Start of Block

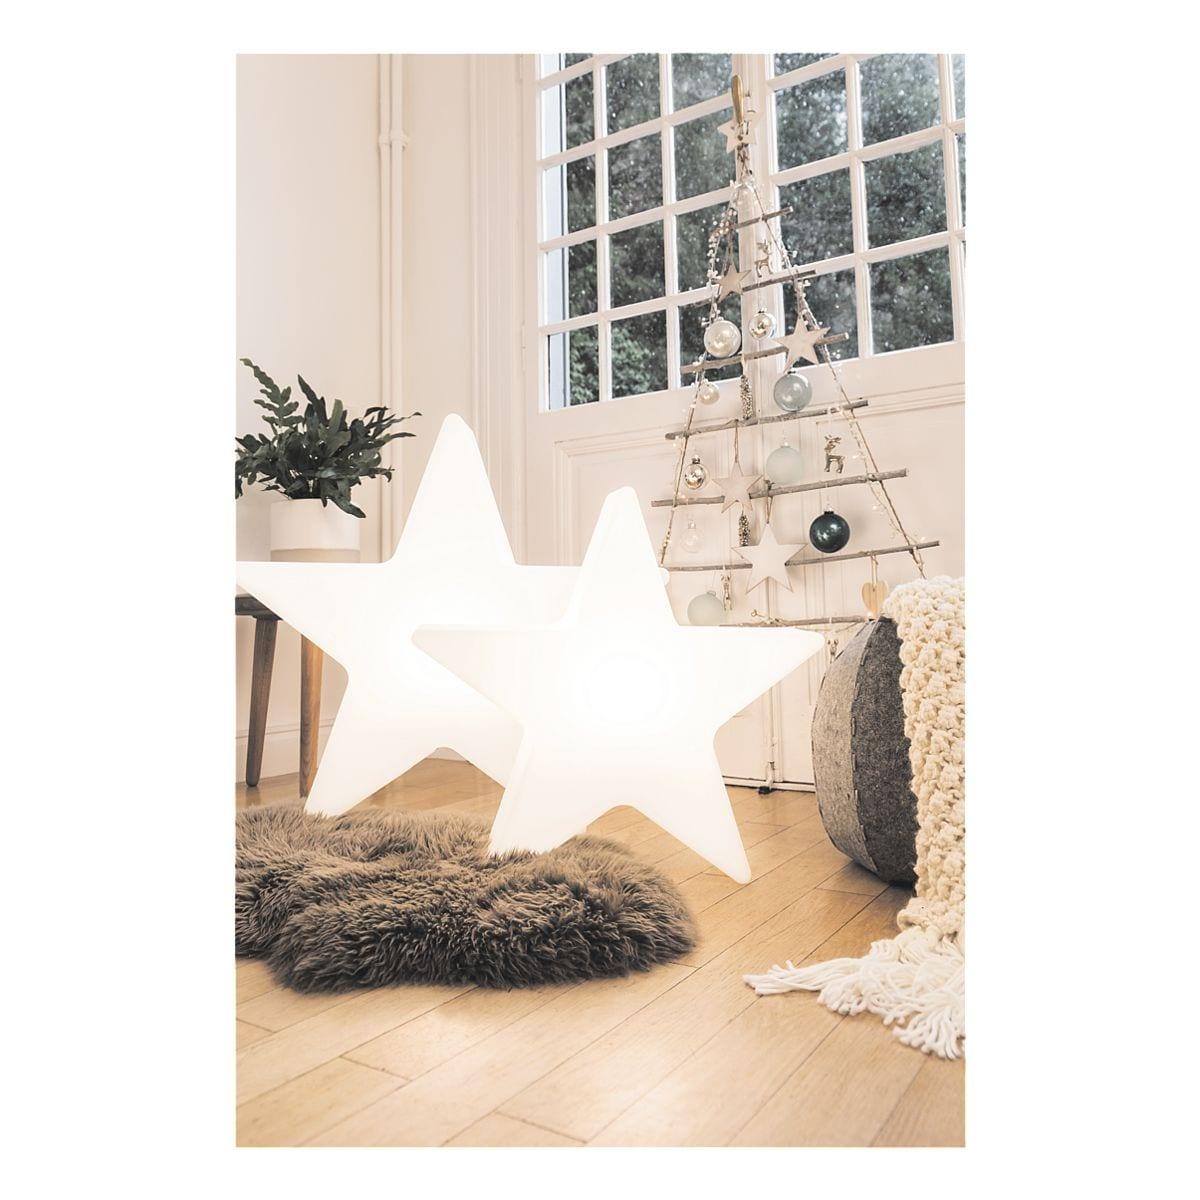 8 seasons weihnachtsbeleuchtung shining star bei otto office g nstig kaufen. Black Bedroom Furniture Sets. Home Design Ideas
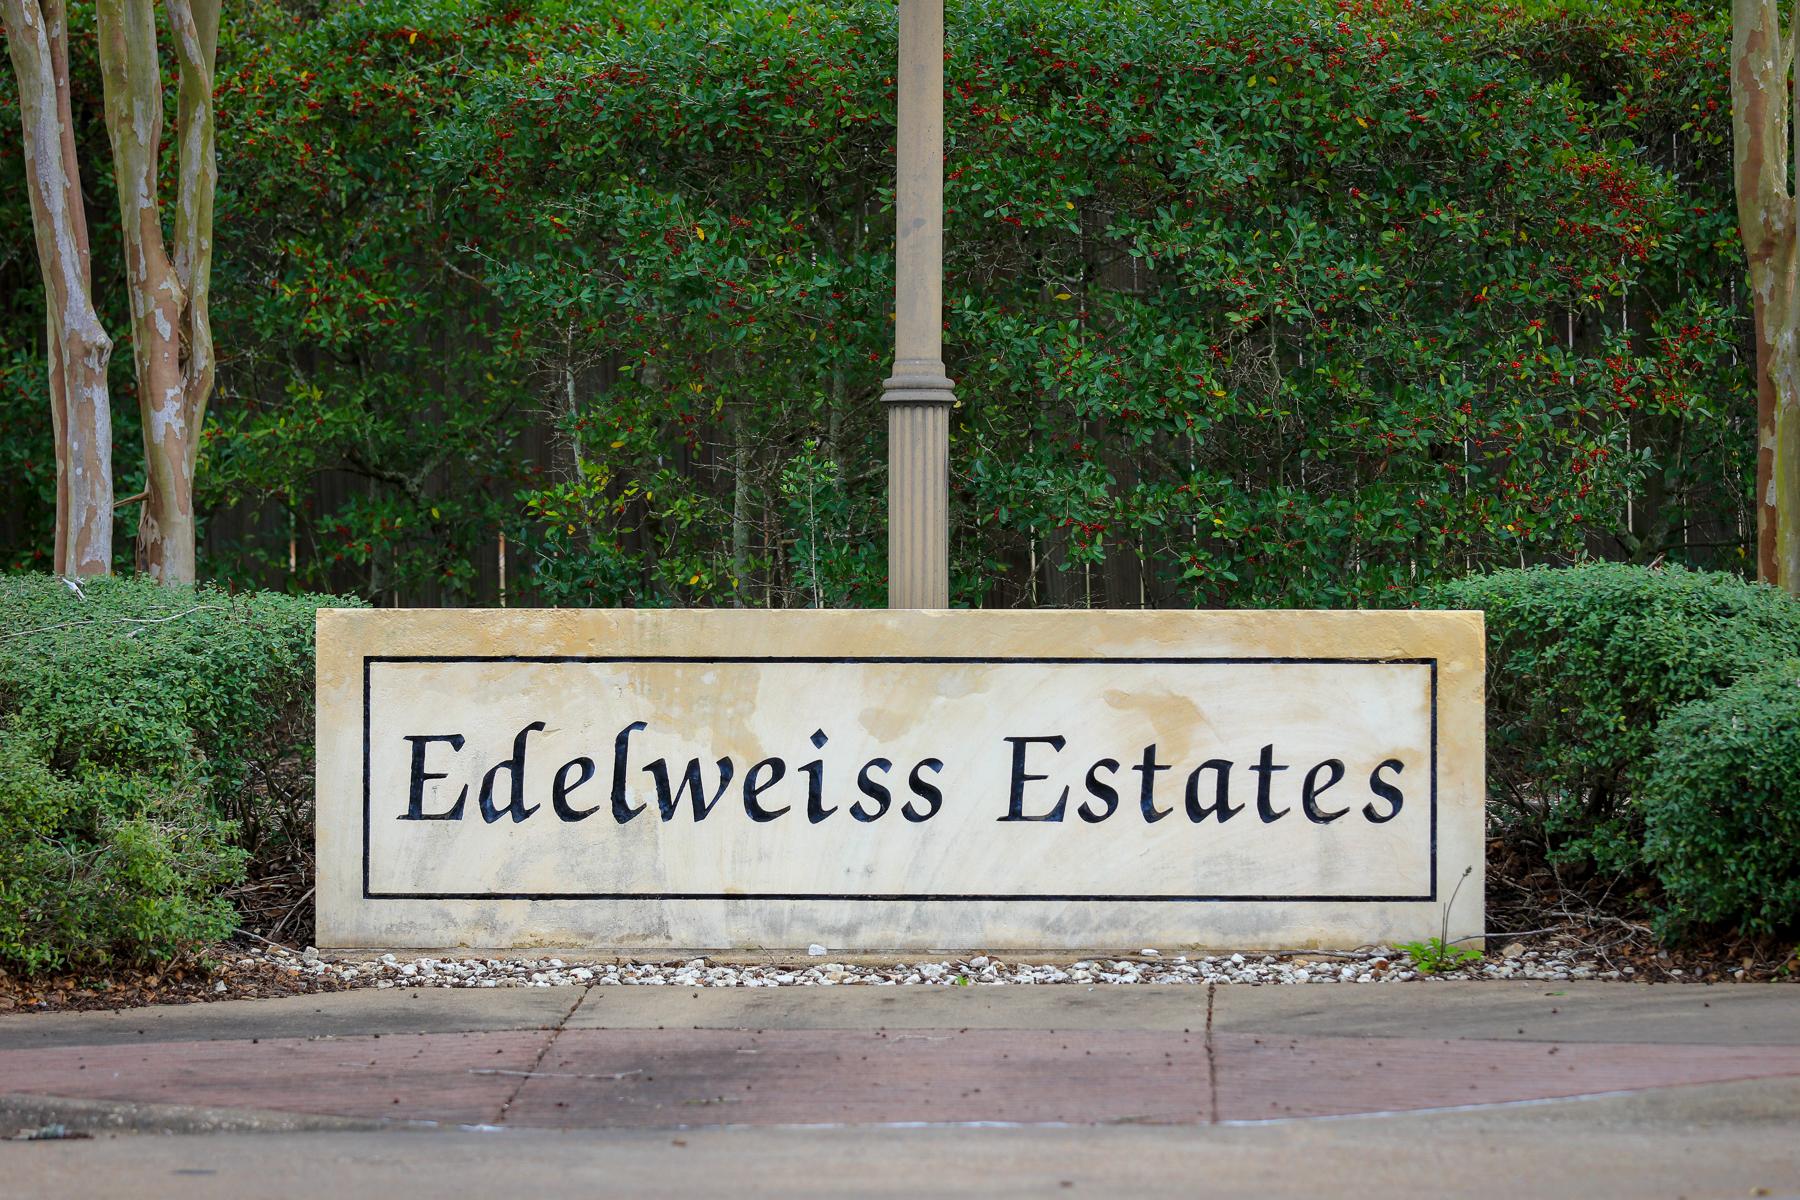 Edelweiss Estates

End of Block
Start of Block

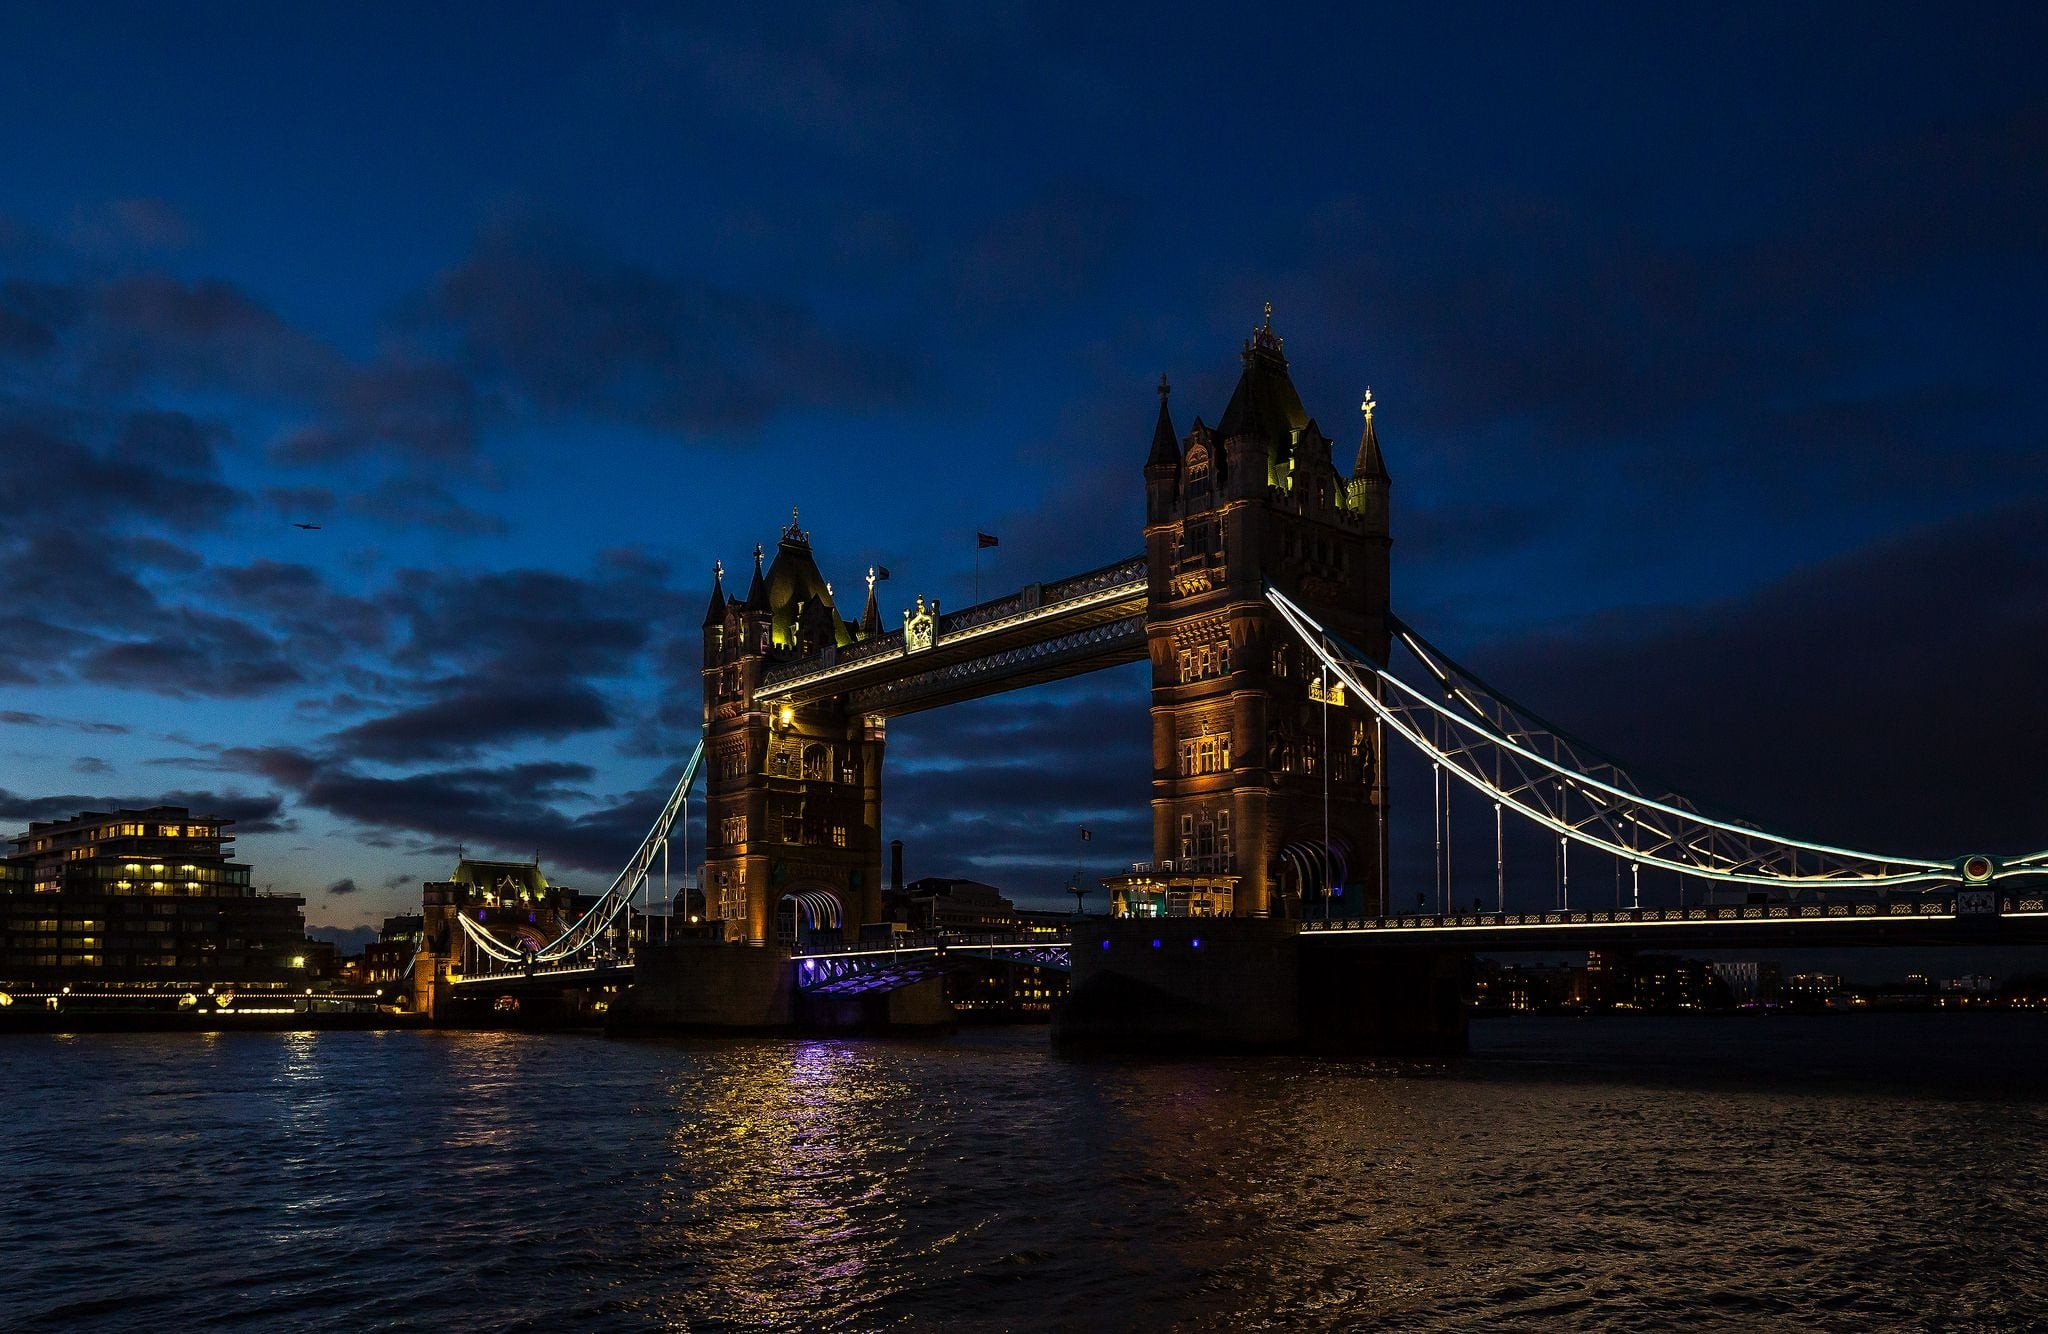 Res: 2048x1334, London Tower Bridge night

End of Block
Start of Block

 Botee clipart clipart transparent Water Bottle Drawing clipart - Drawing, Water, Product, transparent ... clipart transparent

End of Block

- [THE PROBLEM]: Using the data above, which lines fall from the one with "8 seasons weihnachtsbeleuchtung" through the one with "Edelweiss Estates"? Repeat them exactly, ends included, minus any pictures.

- [PROBLEM SOLUTION]:
 8 seasons weihnachtsbeleuchtung shining star bei otto office g nstig kaufen. Black Bedroom Furniture Sets. Home Design Ideas
 Edelweiss Estates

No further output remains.